Evans v. Yegen Associates, Inc.

Decision Date11 January 1983
Docket NumberCiv. A. No. 81-3070-K.
Citation556 F. Supp. 1219
PartiesKenneth R. EVANS, Plaintiff, v. YEGEN ASSOCIATES, INC., Defendant.
CourtU.S. District Court — District of Massachusetts

COPYRIGHT MATERIAL OMITTED

Judith K. Wyman, James R. DeGiacomo, Roche, Carens & DeGiacomo, Boston, Mass., for plaintiff.

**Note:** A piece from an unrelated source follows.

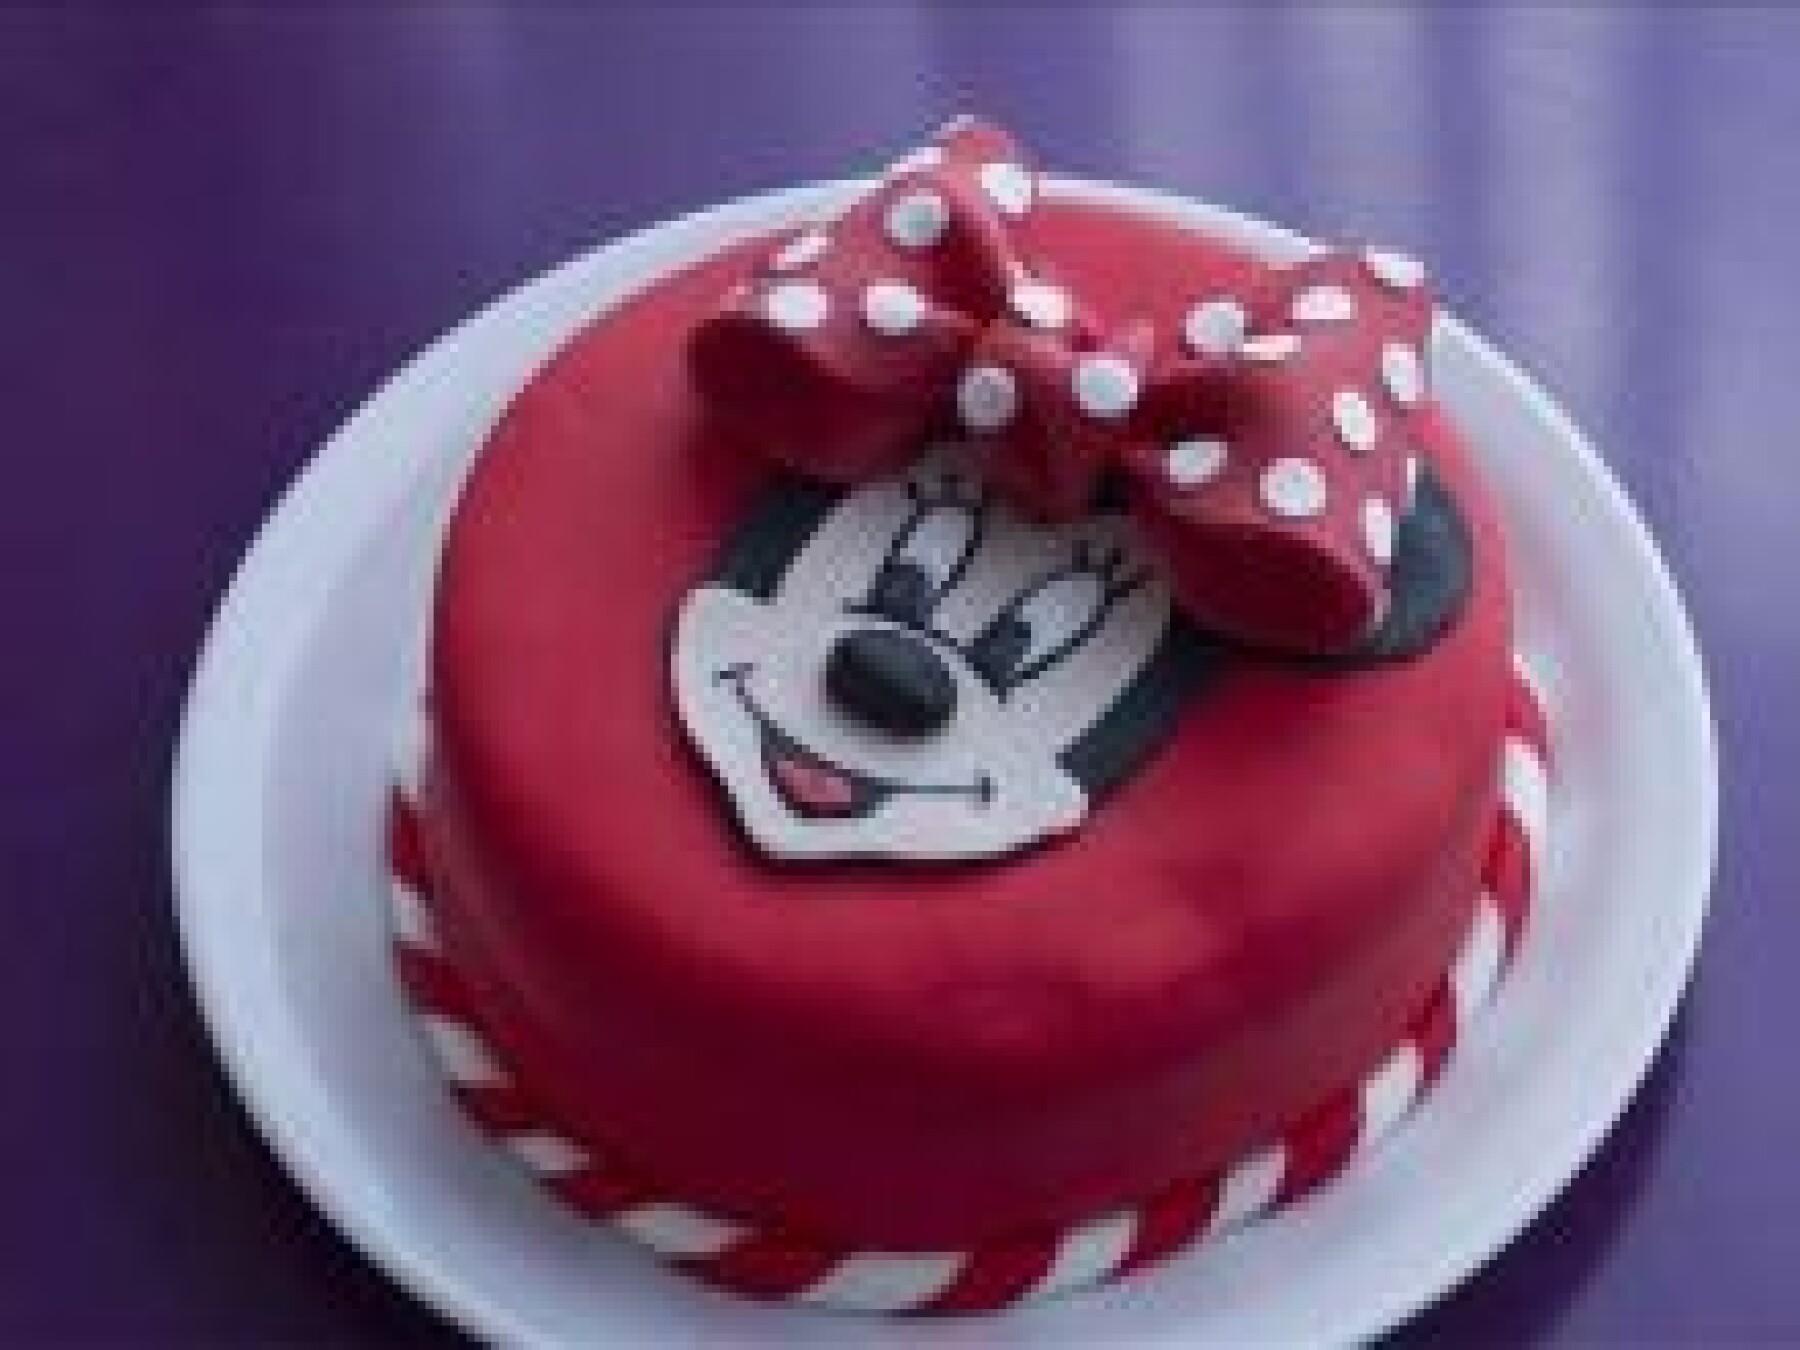 Le gâteau Minnie

Robert Y. Murray, Peter M. Zuk, Ramsey, Serino, Murray, & Harrington, Boston, Mass., for defendant.

Opinion

KEETON, District Judge:

This is an action for breach of contract (Count I), negligence (Count II), fraud (Count III), and unfair and deceptive acts as defined in Mass.Gen.Laws ch. 93A, § 2, for which multiple damages and attorney fees are provided in id., § 11 (Count IV). The claims arise in the context of boat-building and financing contracts. First, CSY Yacht Corporation ("CSY") and plaintiff Evans entered into a contract (the CSY-Evans contract) for CSY to build at its boat yard in Tampa, Florida, and Evans to purchase, a CSY 44-foot Walk-through Cutter. Second, Yegen Associates, Inc. ("Yegen") and plaintiff Evans entered into a contract (the Yegen-Evans contract) by which Yegen agreed to provide financing in return for a note secured by a mortgage on the boat. Later, Yegen and Evans entered into a supplemental agreement regarding closing (the Yegen-Evans closing agreement).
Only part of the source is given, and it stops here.